3 is its arity (ie, # of children: "n", "+", "1")

then 4, 5, 6 are the relative offsets to each child, from left to right: 4 points to "0, 18" that ensues... ie, the "n" symbol in the current environment (entry in symbol table)

5 points to "0, -15" later on... the builtin "+" operator (note the negative sign for builtins vs programmer defined identifiers)

6 points to "0, -20" finally... that'd be, the literal constant "1", interned once in the constant pool (also a negative index by convention; you can just shove both interned literals and language builtins in the same pool)

the -1 in the middle is a redundant marker to end the children offset list... only useful for builtins with variable arity that may not want to have to bother inspecting the count of formal vs actual arguments or children.

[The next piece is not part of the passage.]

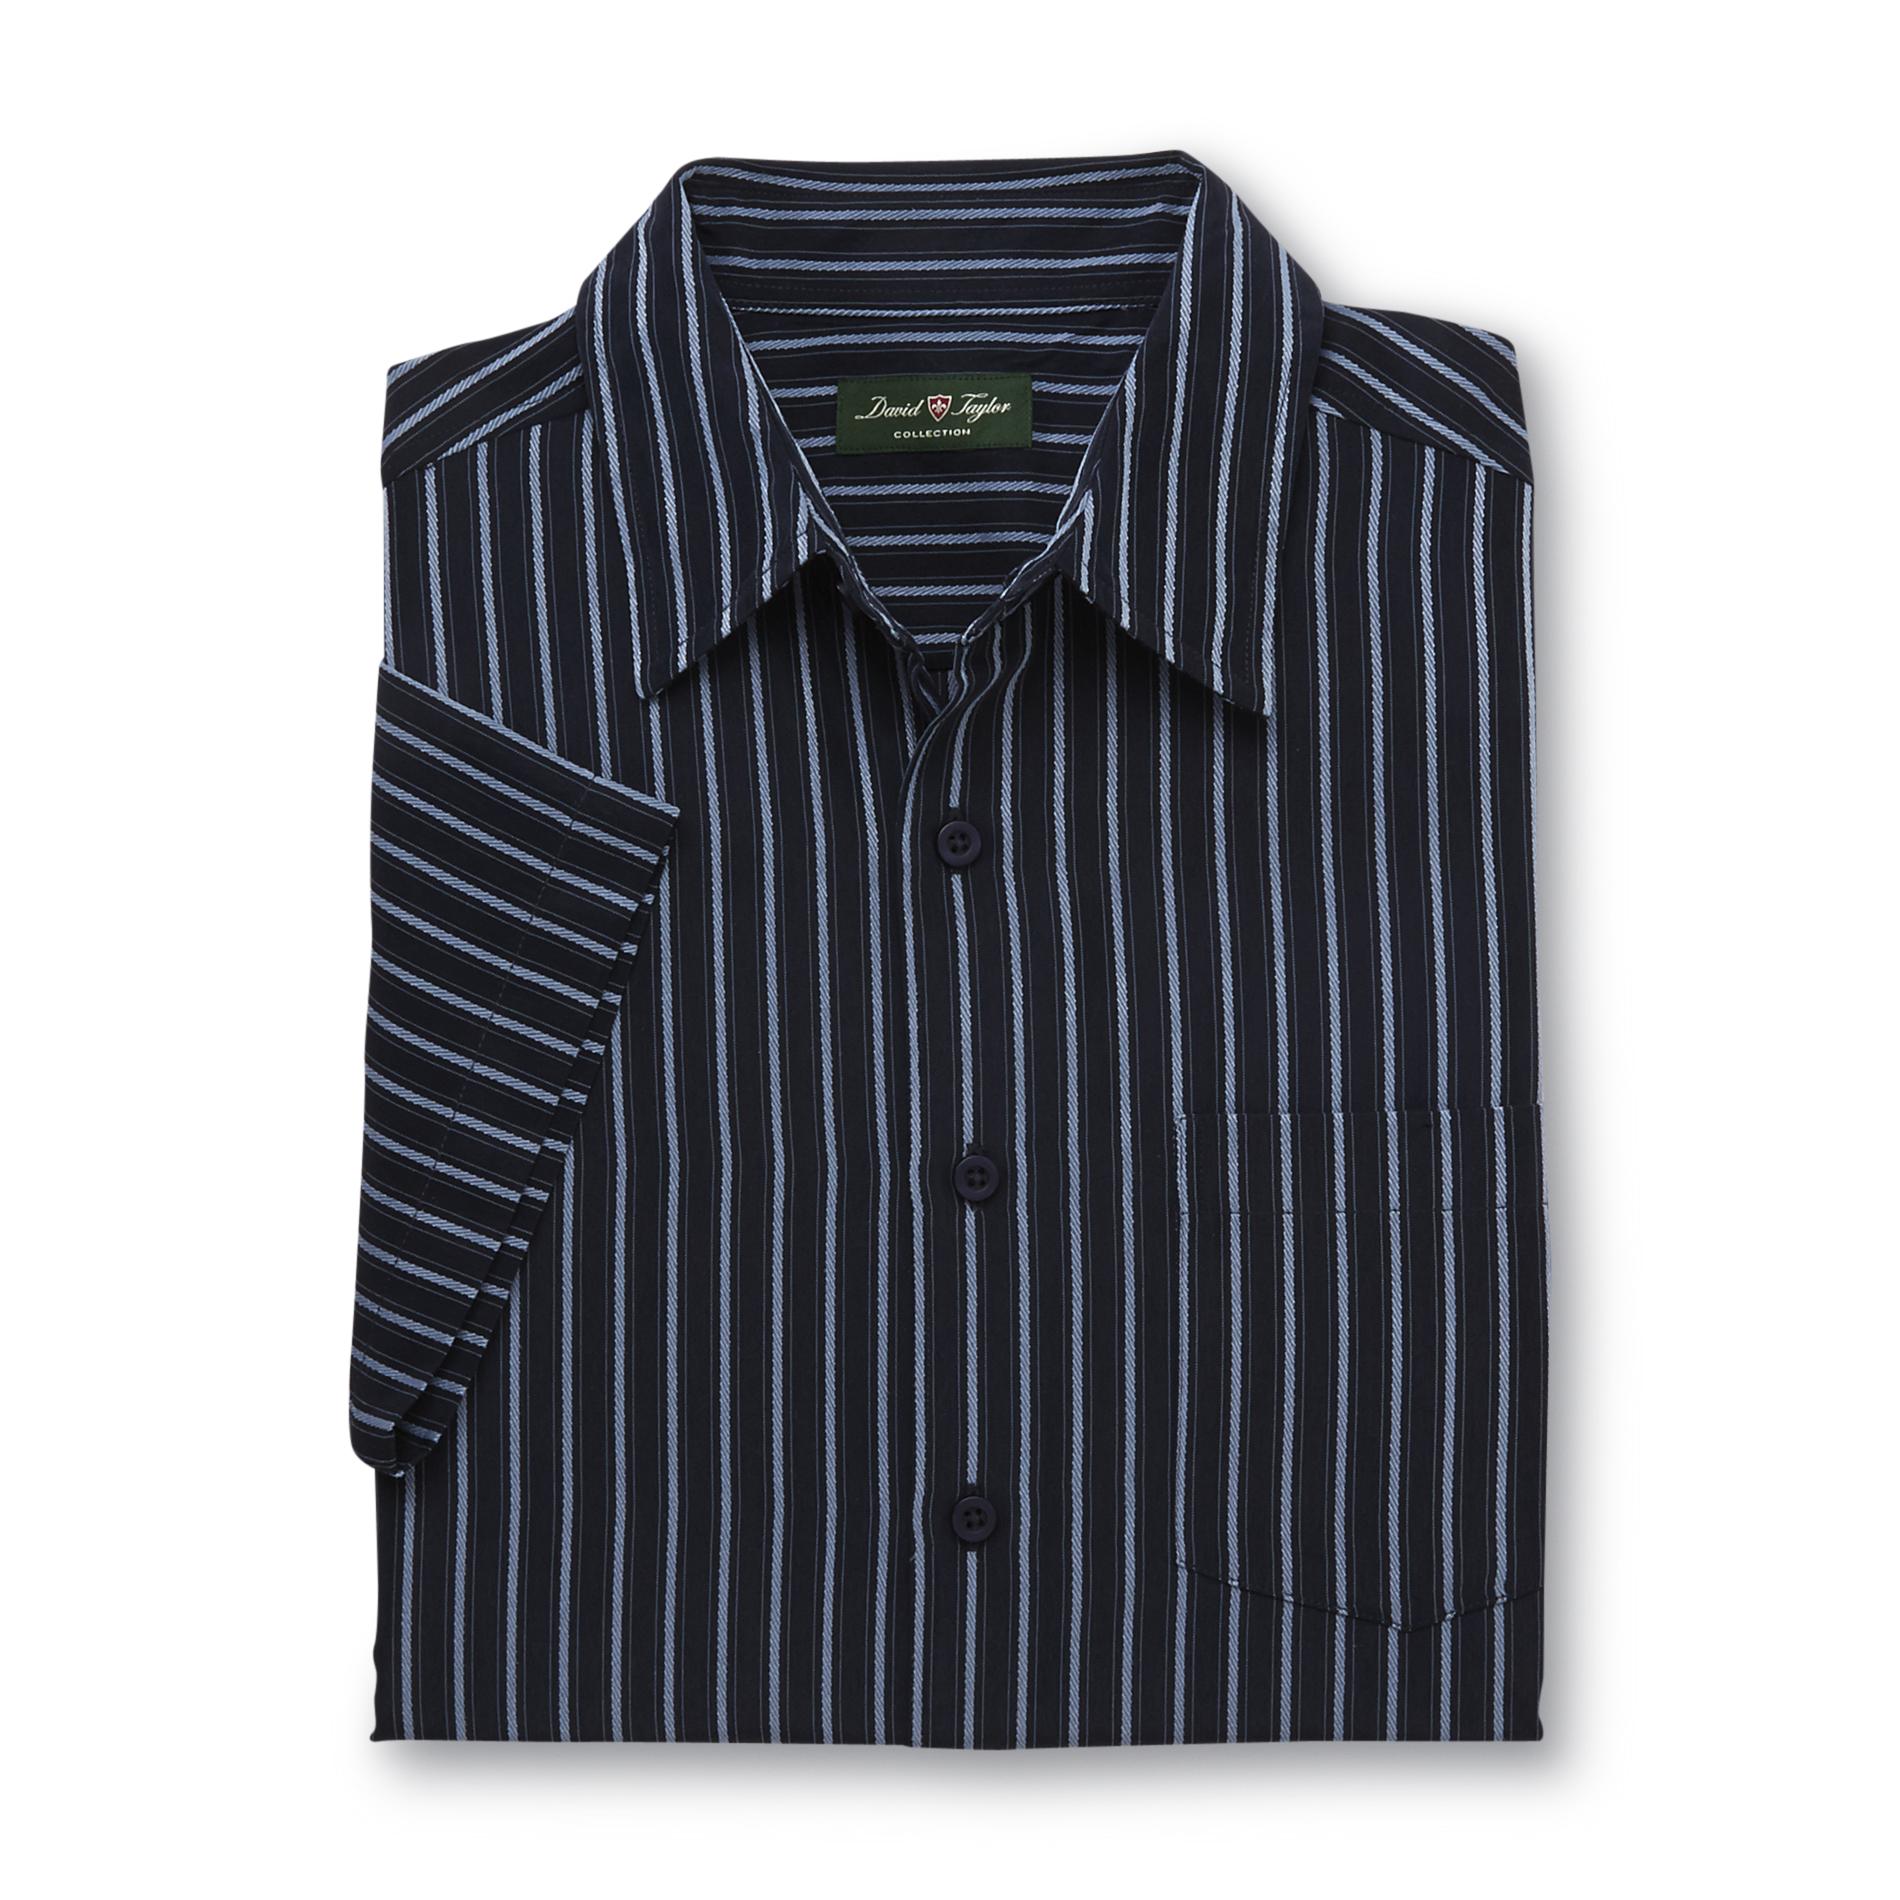 David Taylor Collection Men's Short-Sleeve Shirt - Striped

Thus, that's how one can get away with AST walk without any heap or garbage collector in the loop (when it's for the sole purpose of tree walk, anyway) and still be able to eval anything just by using the host (impl language) natural stack.

Cf the Linearize and Rehydrate methods in the code... together they are the two-way bijection to go from / to the original S-expr (initial AST, right after parsing) vs the linearized version (which the evaluator eventually only consumes as just one 1-dim array super friendly to modern CPUs caches :)

This encodes all the needed tree info yet allows for fast navigation throughout the eval / apply semantic core, without ever having the GC getting in the way by its obsessive tracking of refs that are dead vs alive, etc.

Cheers!

ysharplanguage commented 1 year ago

@healeycodes I've added a few microbenchmarks, incl. one that is always especially important to keep an eye on, as an interpreter implementor:

For-Loop-vs-Lexical-Scope-Stress.py

efficient AST walk or efficient byte code is only half of the struggle against a sluggish implementation, imo...

the real trouble makers in interpreted dynamic languages are dynamic environments, lexical scope, combined with closure representation; those may be the second (if not first) hardest thing to get both right and efficient, in my experience.

healeycodes commented 1 year ago

@ysharplanguage Amazing! Thanks for expanding your thoughts here. This is really helpful.